= Data for this task =
▬▬▬▬▬▬▬▬▬▬

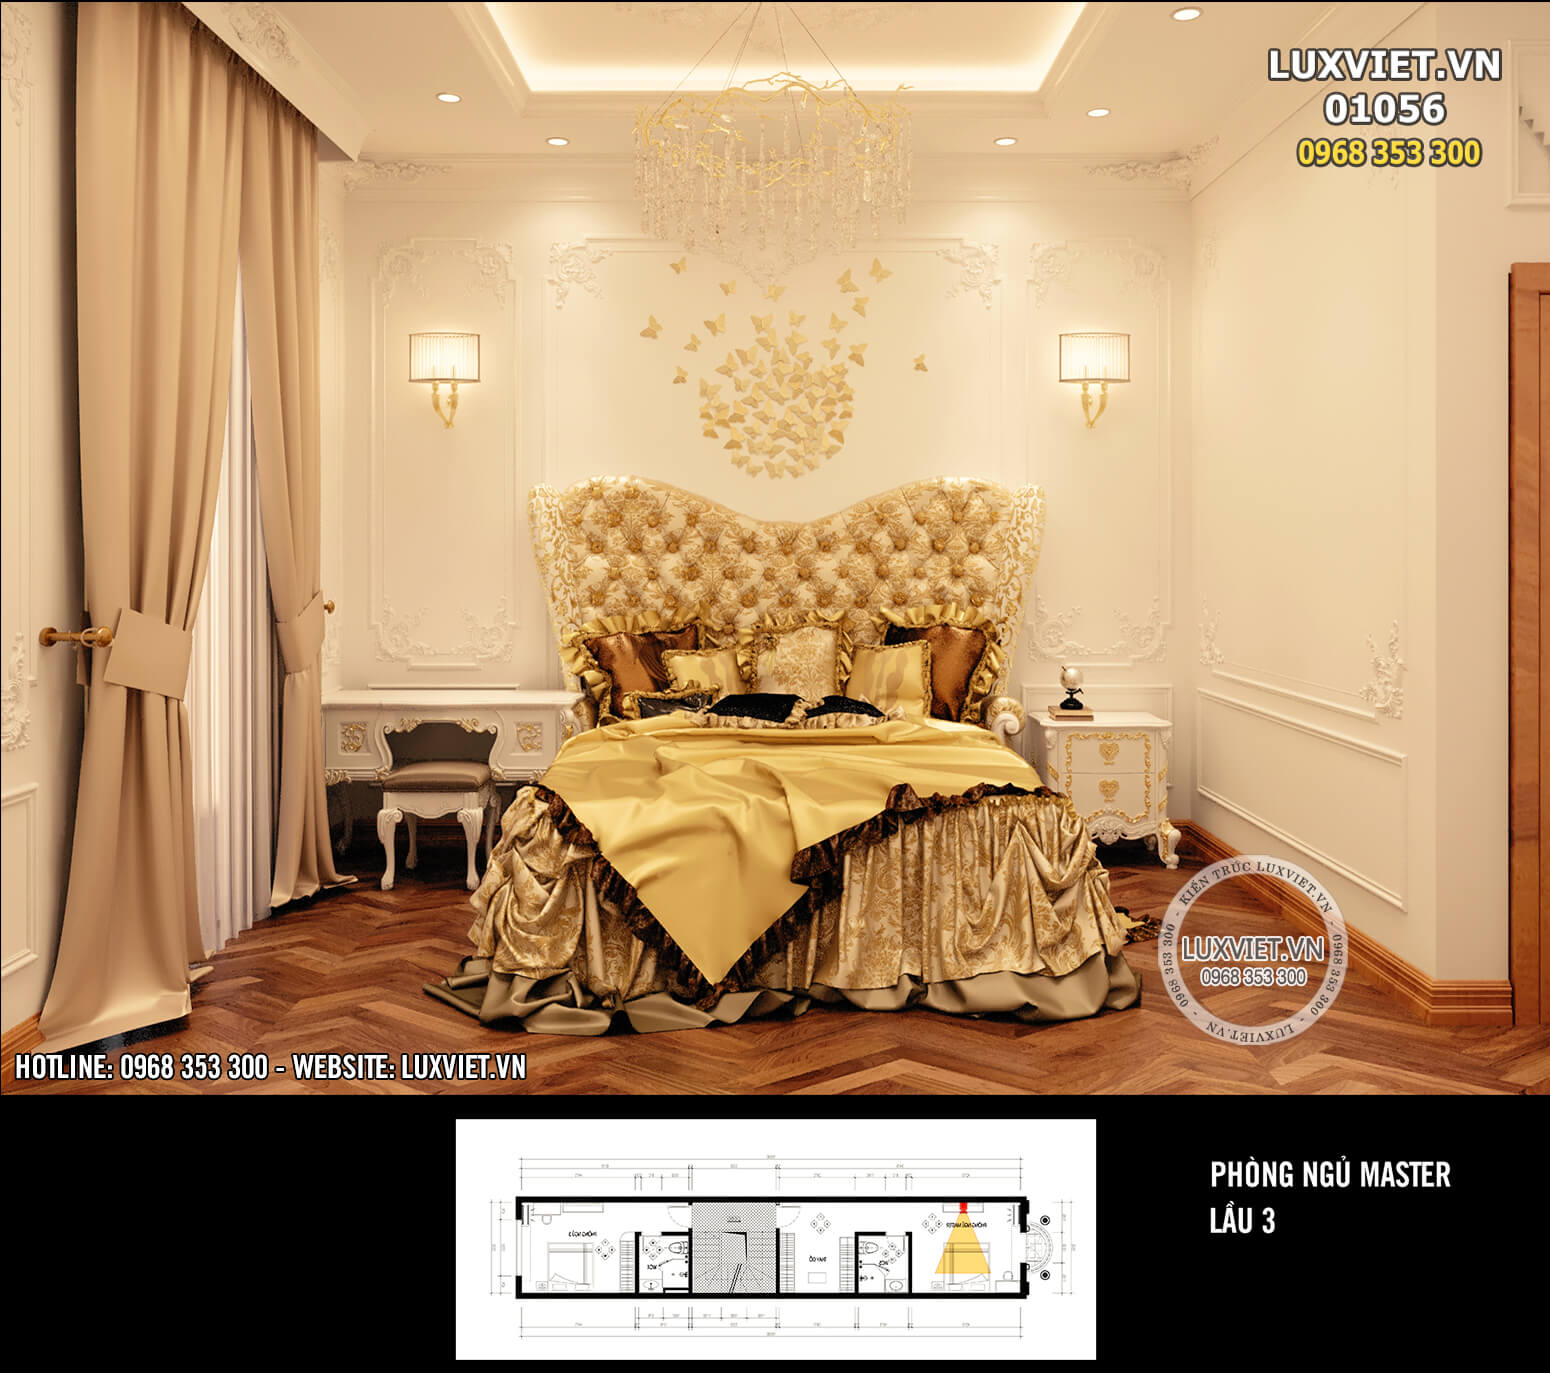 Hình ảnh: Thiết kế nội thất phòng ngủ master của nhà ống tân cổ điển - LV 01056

▬▬▬▬▬▬▬▬▬▬

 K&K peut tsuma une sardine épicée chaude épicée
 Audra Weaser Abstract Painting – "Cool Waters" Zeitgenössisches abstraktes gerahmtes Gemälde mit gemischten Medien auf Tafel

▬▬▬▬▬▬▬▬▬▬

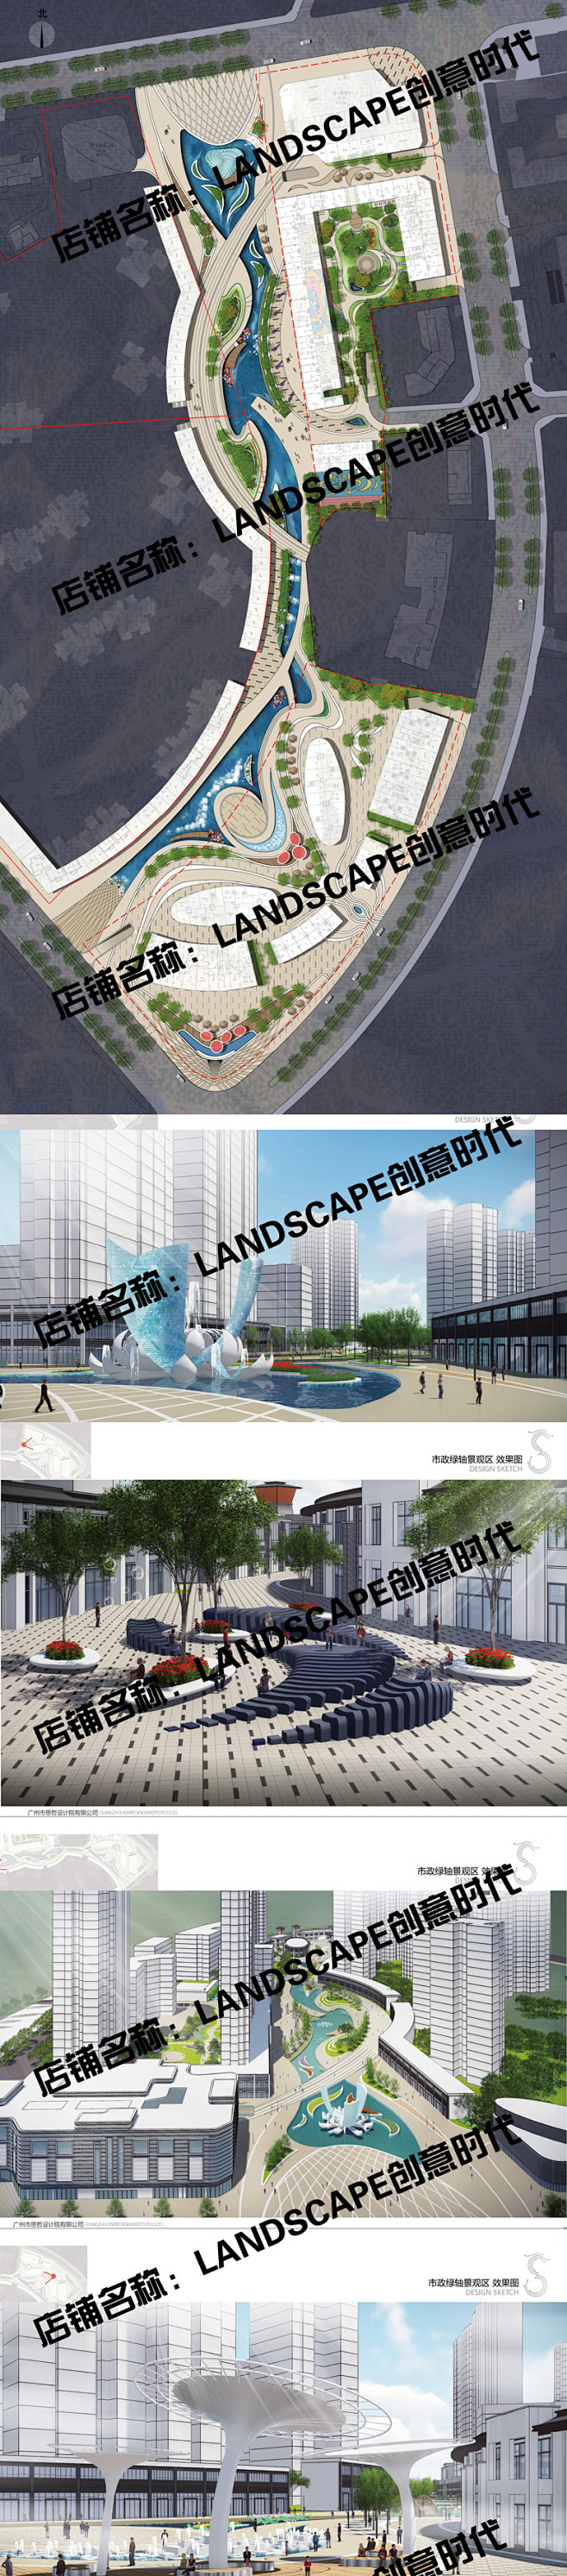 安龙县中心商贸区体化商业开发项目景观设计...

▬▬▬▬▬▬▬▬▬▬

Looking at the records above, return exactly the lines from the line with "K&K peut tsuma" to the line with "Audra Weaser Abstract", both ends included.

 K&K peut tsuma une sardine épicée chaude épicée
 Audra Weaser Abstract Painting – "Cool Waters" Zeitgenössisches abstraktes gerahmtes Gemälde mit gemischten Medien auf Tafel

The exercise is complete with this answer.